When we read the differing in accounts of the Gospels we need to understand that the writers had different primary reasons for writing their “versions” of the events and the likes of Luke was using the first hand sources available to him at the time when composing his account. Interestingly it appears that Luke who wasn’t present when these events took place (unlike Matthew, Mark Peter and John who were followers of Jesus), makes a longer account from the various sources he uses.

But parking this as interesting as these things are the question I want to pose is what are these accounts about?

Yes they are about Jesus entry into Jerusalem!

Yes they are about a miracle in that Jesus foreknew that there would be a colt standing waiting for him to use and that the colts owners would be amenable to letting the colt go off with the disciples!

Yes it is about the fulfilment of prophecy – even the intentional fulfilment of ancient prophesy by Jesus – I think we need to understand that just because there are critics out there that will “argue” Jesus sought to fulfil some of the OT prophesies about Him, that argument does not invalidate the fulfilment of those prophecies in any way whatsoever. This is potentially a whole separate subject that a whole article can be devoted to, but suffice it to say here and now, this miracle is no less a miracle for the appearance that Jesus may have “self-fulfilled” it)!

What I would like to draw attention to is that whilst these passages are clearly about all the things listed above and probably more, they are principally about showing, even proving who Jesus truly is to the people of the day.

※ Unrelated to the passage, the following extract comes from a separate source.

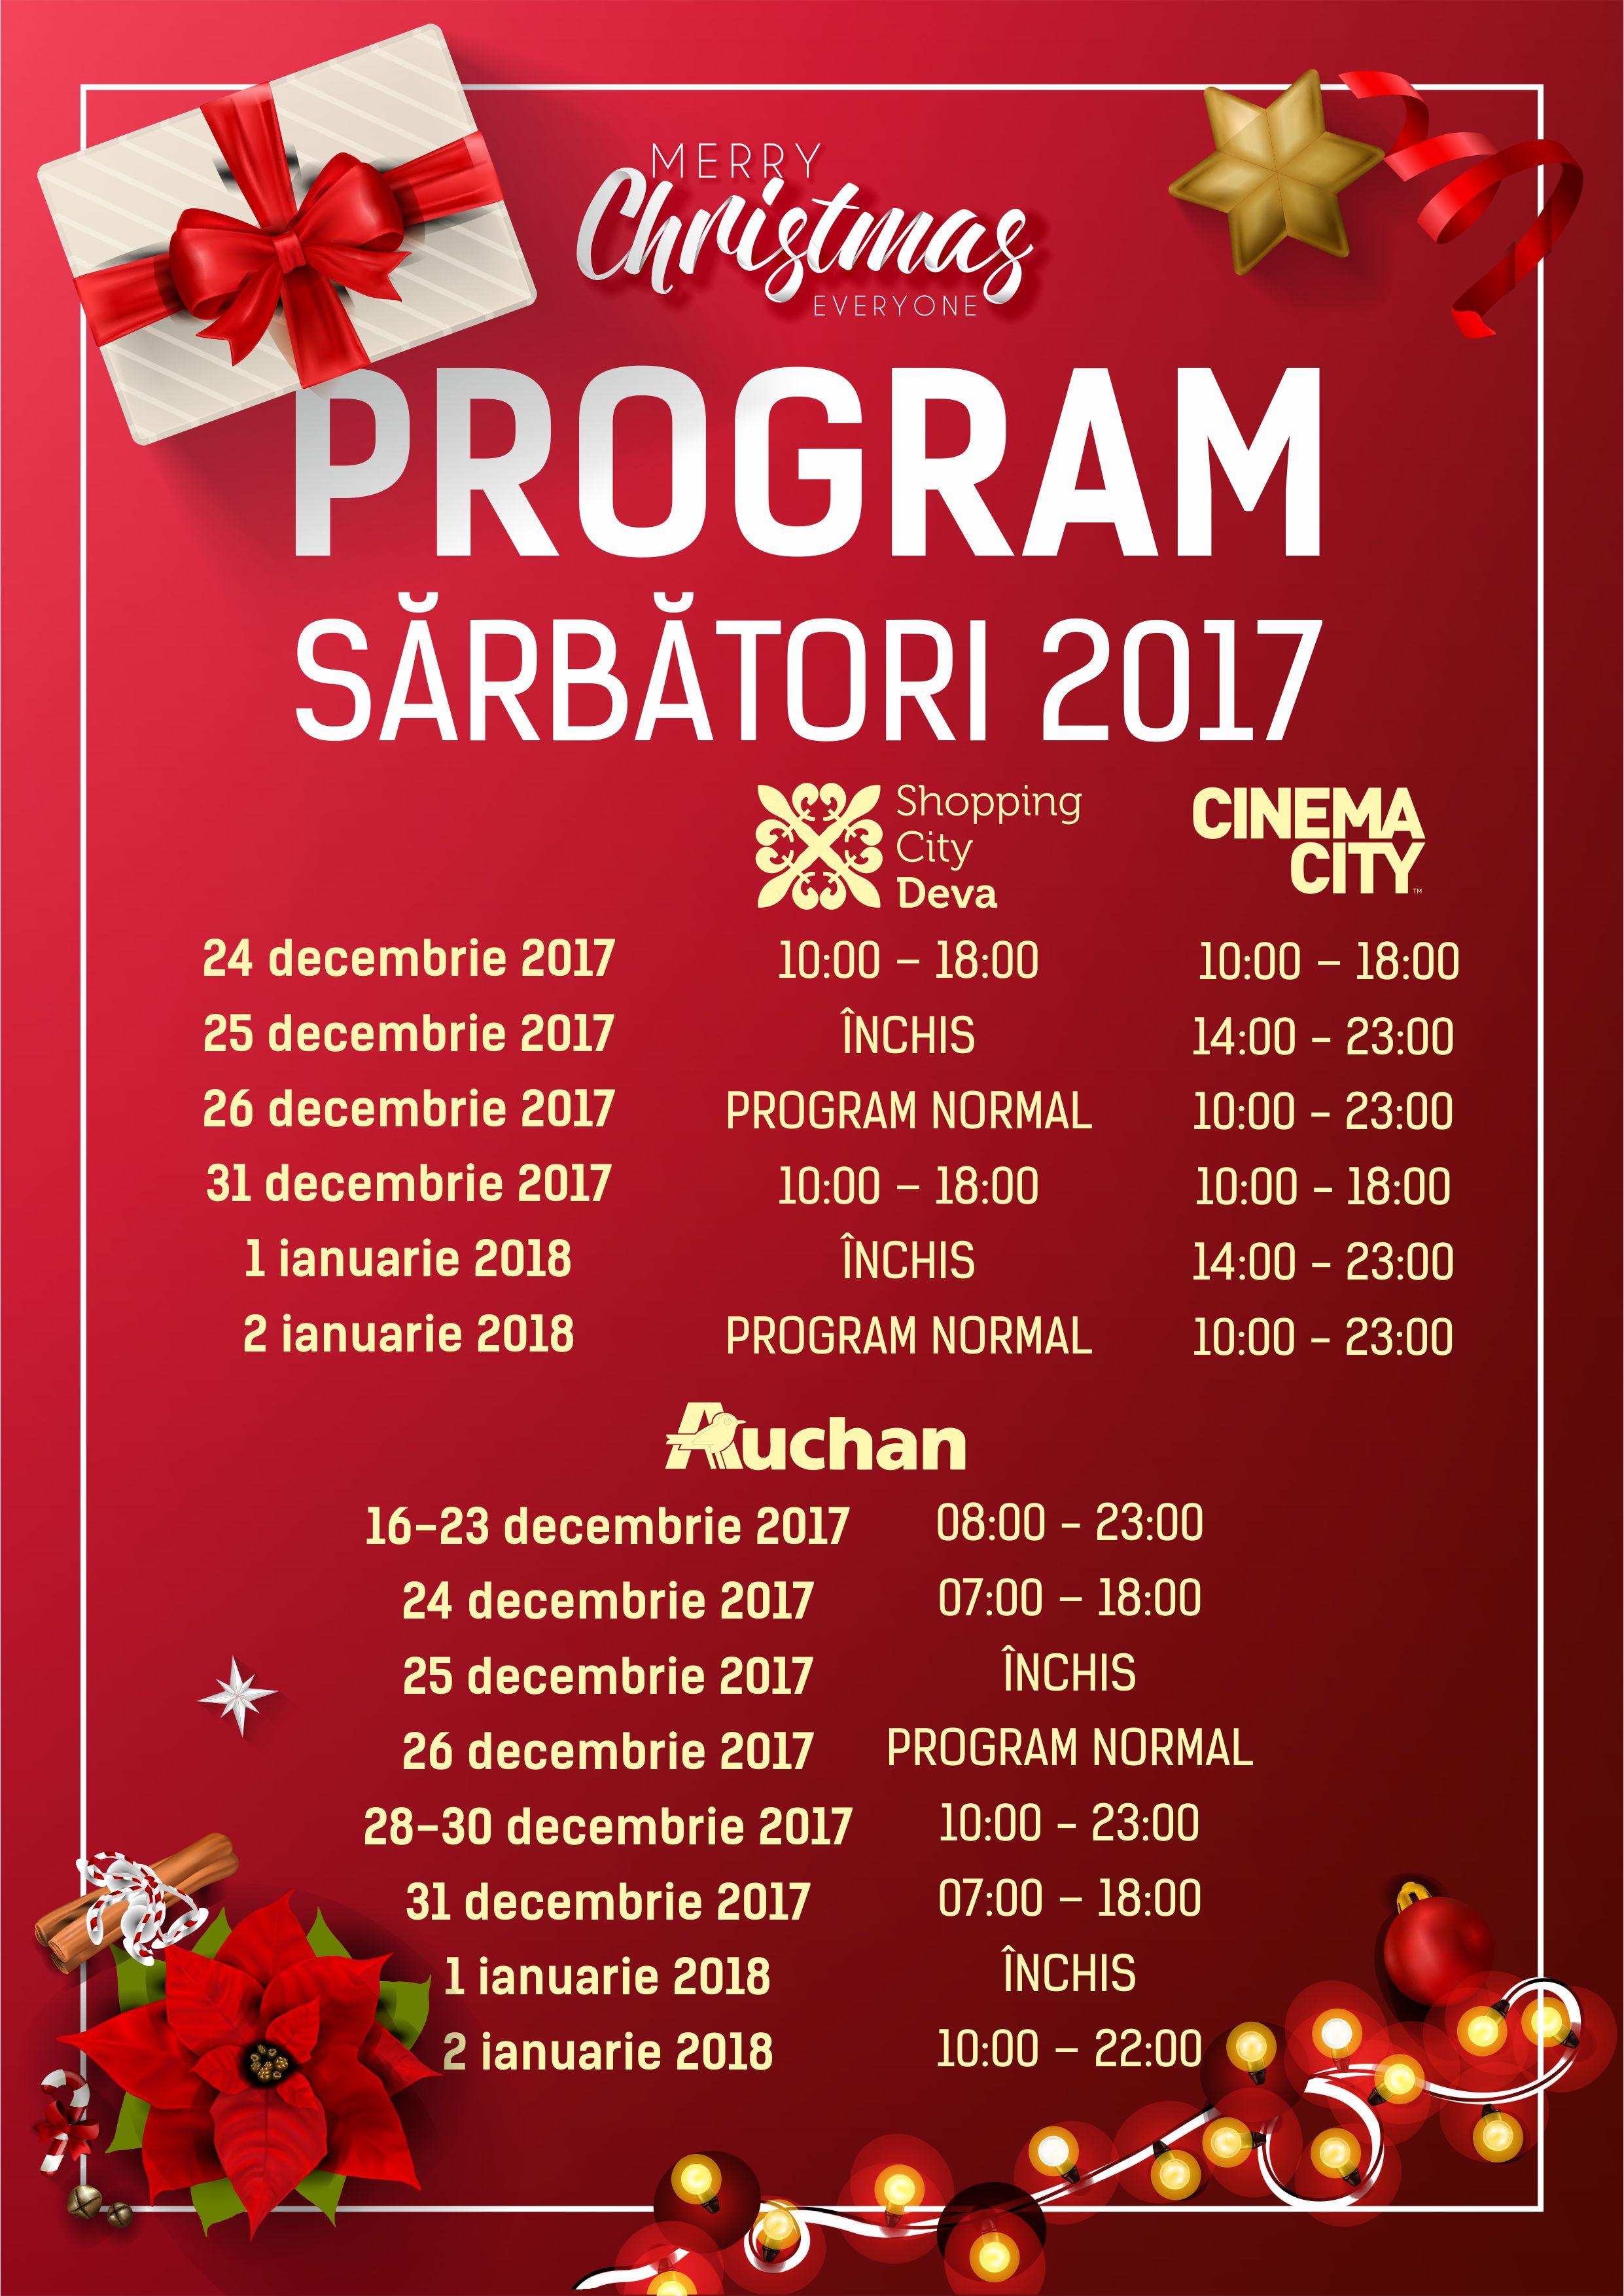 program-sarbatori-A4-SCD

Fulfilment of the Jeremiah prophecy (9:9) is a significant event. Apart from the first century backdrop of Roman occupation and that the Jewish nation was looking for a “saviour” that would rise up as a political and/or military leader and kick the Romans out of their land, the idea that the Messiah would enter Jerusalem in such a significant manner, was a key indicator to them that whoever entered the capitol city like that was making claim to be Gods chosen one.

Can I encourage you to meditate prayerfully on the significance of this. We tend to look in these verses at the story of the donkey, as if the story is about that, or we concentrate on the contrast that we see in the crowds reactions in a short space of time and how all these people worshipping Jesus soon turned on Him, or we tend to concentrate on the fulfilment of the Zechariah prophesy, all of which to various degrees are important elements of this event in Jesus life.

But let us also take time to consider the implications of this whole event. Jesus here is clearly marking himself out through the nature of his mode of transport to be The Messiah, it is one if not the only time he allows public worship/adoration of His earthly self or at least the only time it is recorded for us.

The spontaneous reaction of the crowds, was this inspired by the Holy Spirit? Was it a natural reaction to the circumstances of celebrating the Passover for which they were all in Jerusalem for, and that reports of Jesus’ miracles prior to His arrival at Jerusalem? I don’t know the answers to these questions, but what I do know is that in the clearest possible way, at least to the first century Jew, was that He was proclaiming to be The Messiah!

We know that His subsequent resurrection emphatically proved this claim but back then? Well they were reacting in faith. How much more should we, in faith, worship and glorify our King, Lord, brother, master and God.

As we move into Holy Week let em encourage you to read carefully the accounts of this week and to be fed spiritually by them and to share, especially in these times of lockdown, with those who you are in contact with and who may themselves be looking for answers.